Выбрать главу

По материалам следствия получается, что Бестужев взял на себя фактически всю вину за происшедшее: это он скрыл от Бирона мудрое высказывание Остермана и своим обманом подвигнул герцога к регентству. Такой была удобная Остерману версия следствия, так было нужно представить дело в начале 1741 года в выгодном для него свете. Между тем известно, что Бестужев был у Остермана не один, и его товарищи могли бы легко обнаружить перед герцогом обман коллеги.

Известно, что во время следствия в Шлиссельбургской крепости зимой 1740–1741 годов. Бестужев был напуган, ему грозили пытками, и он был вынужден, «очищая» Миниха и Остермана, брать всю вину на себя.

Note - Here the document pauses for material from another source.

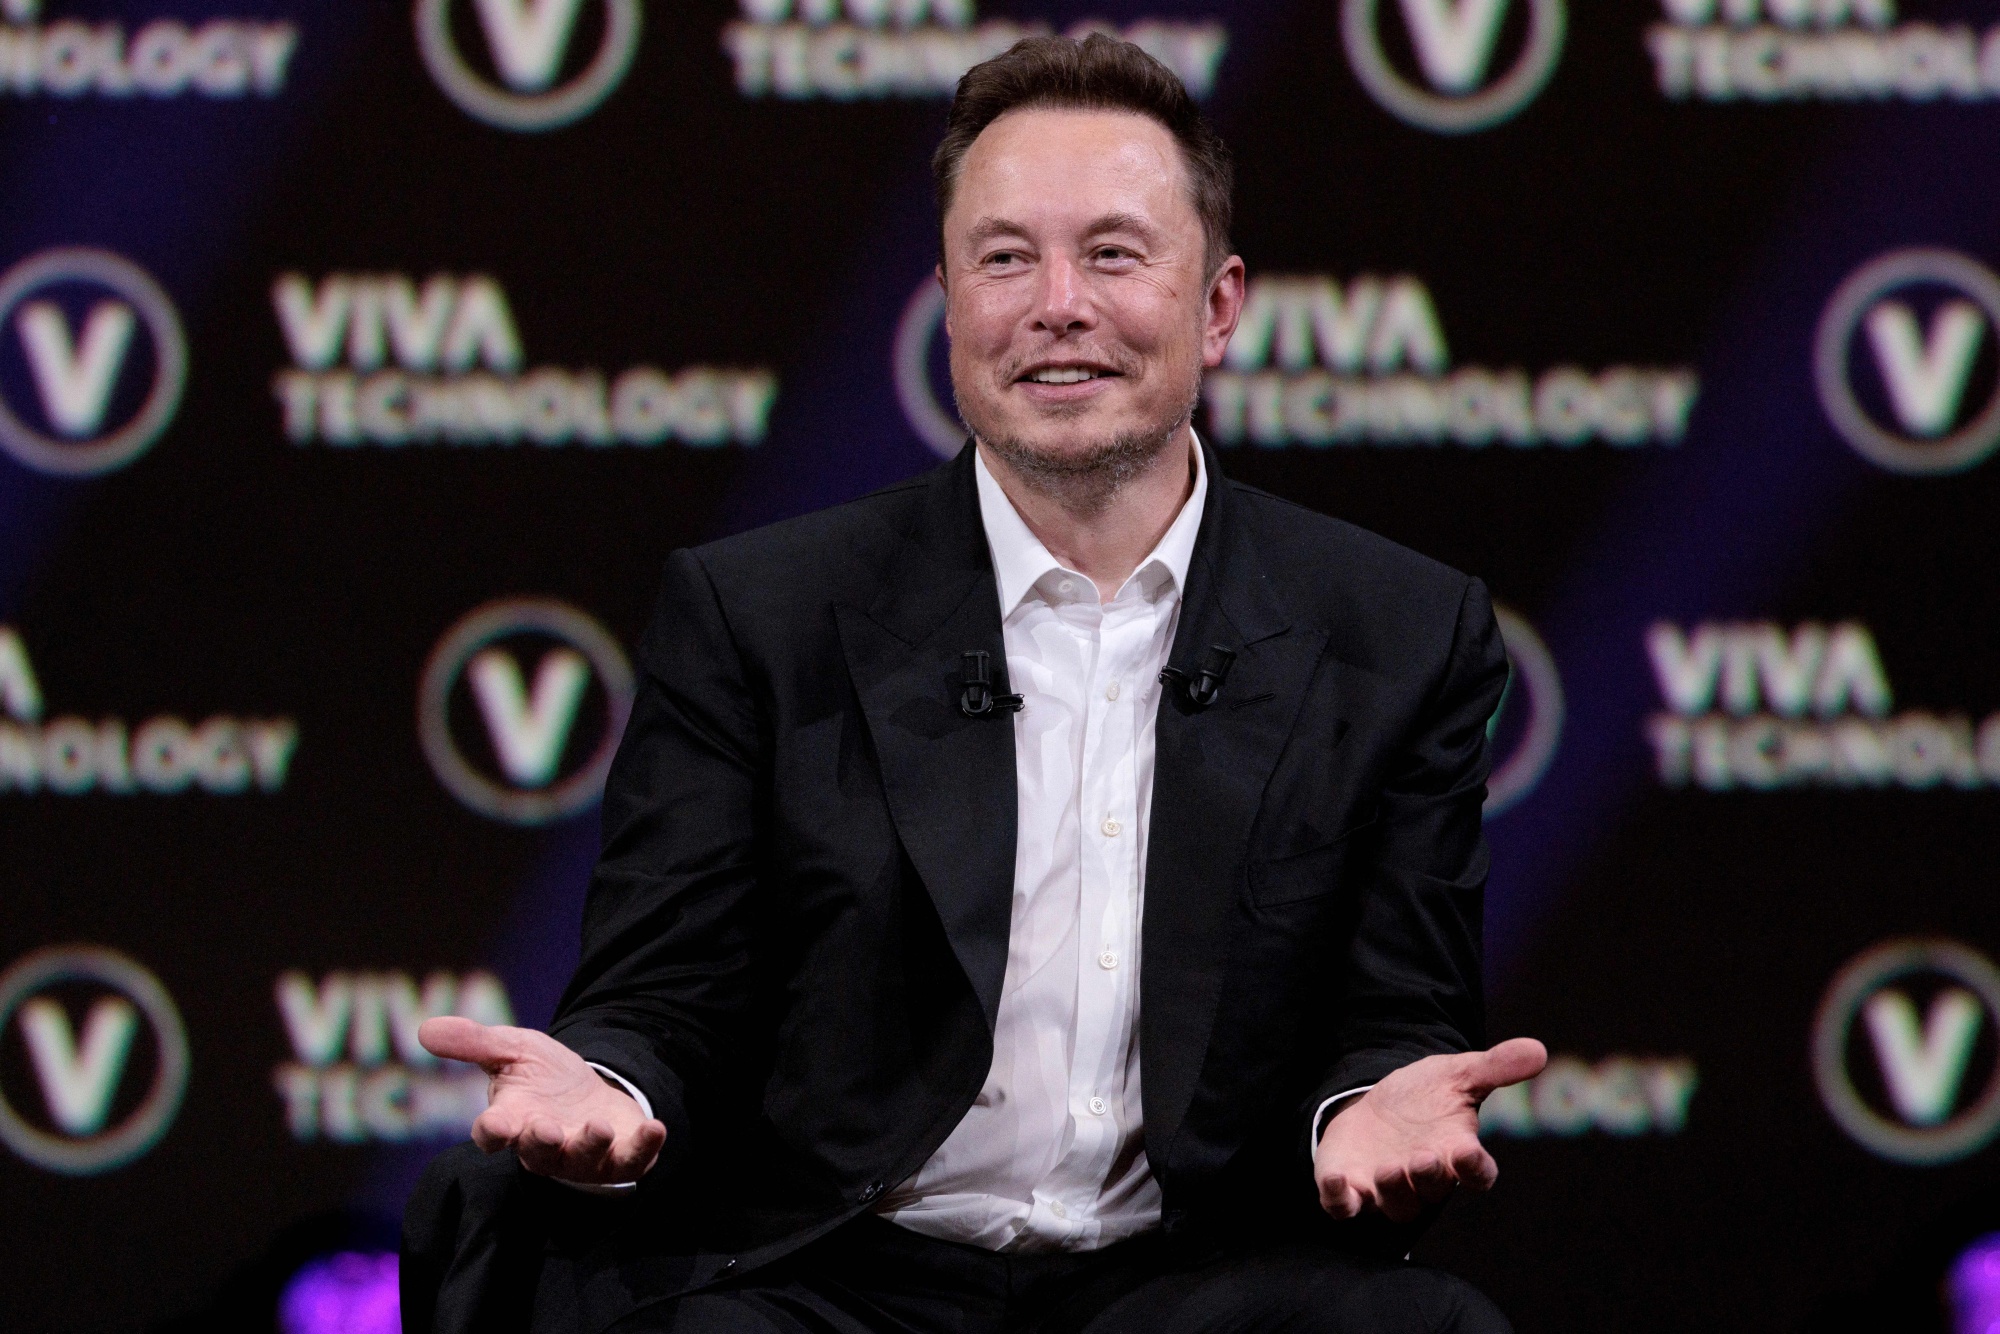 Elon Musk Has Rebranded Twitter to 'X'—Here's Musk's Net Worth
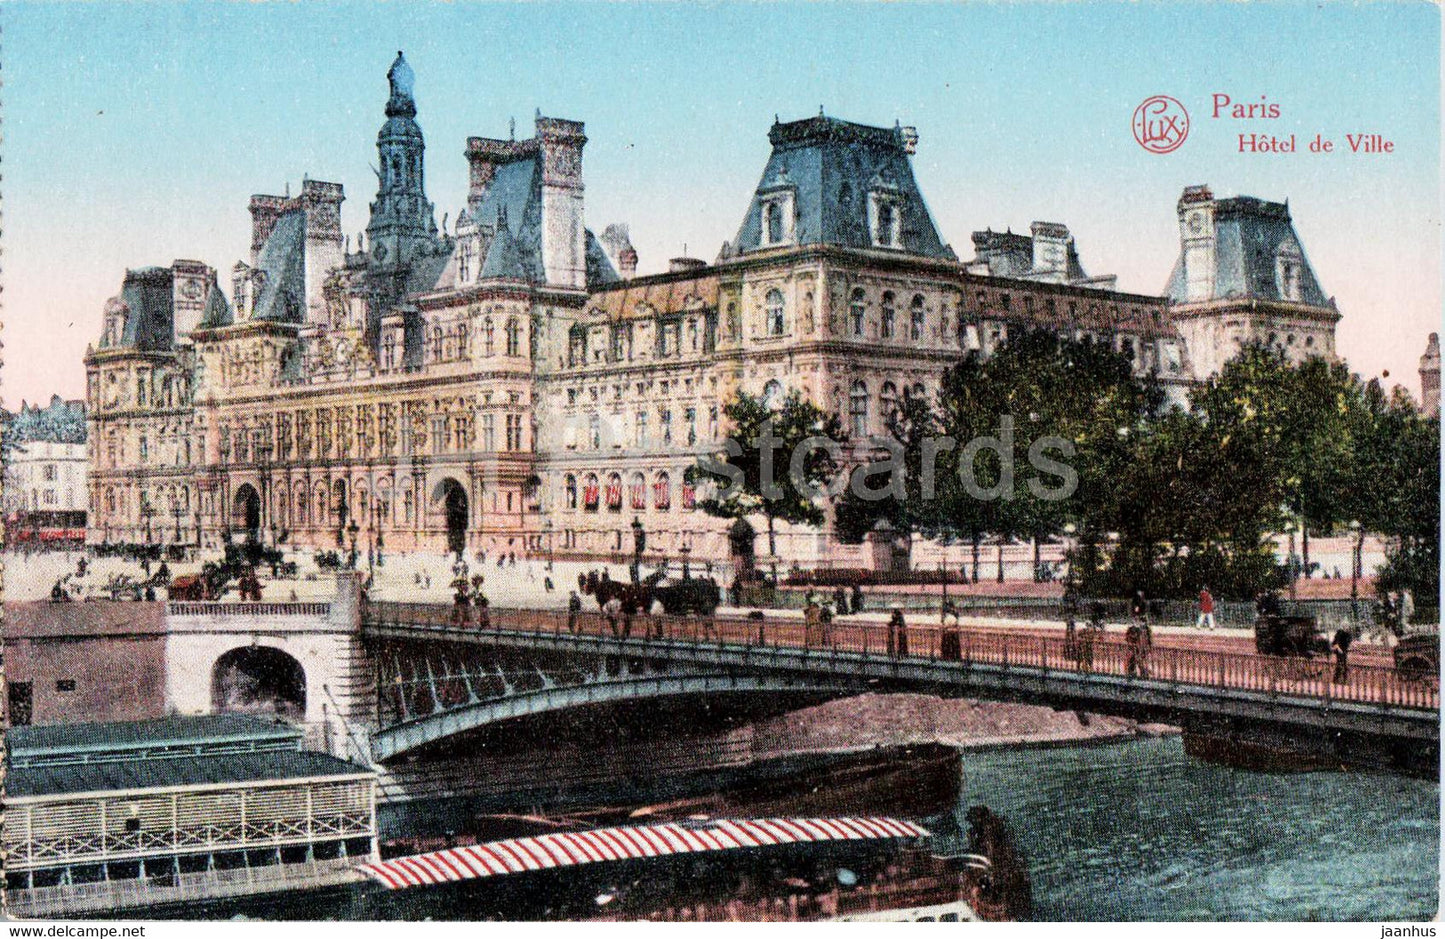 Paris - Hotel de Ville - bridge - Ser 112 - old postcard - France - unused - JH Postcards

Бирон в своих записках вспоминал, что ему дали очную ставку с Бестужевым, «самый вид которого уже возбуждал сожаление», и Бестужев тут же отказался от прежних показаний, в которых брал всю вину на себя, заявив: «Признаюсь торжественно, что я был подкуплен фельдмаршалом Минихом: он обещал мне свободу, но с условием — запутать герцога. Жестокость обращения и страх угроз вынудили меня к ложным обвинениям герцога» [99]. Действительно, чуть позже, когда в марте 1741 года Миних ушел в отставку и перестал влиять на следствие в нужном для него ключе, Бестужев отказался от большей части своих показаний против Бирона. Но при этом он понимал, что с уходом Миниха резко усилился Остерман, интересы которого в этом деле бывший кабинет-министр не мог не учитывать.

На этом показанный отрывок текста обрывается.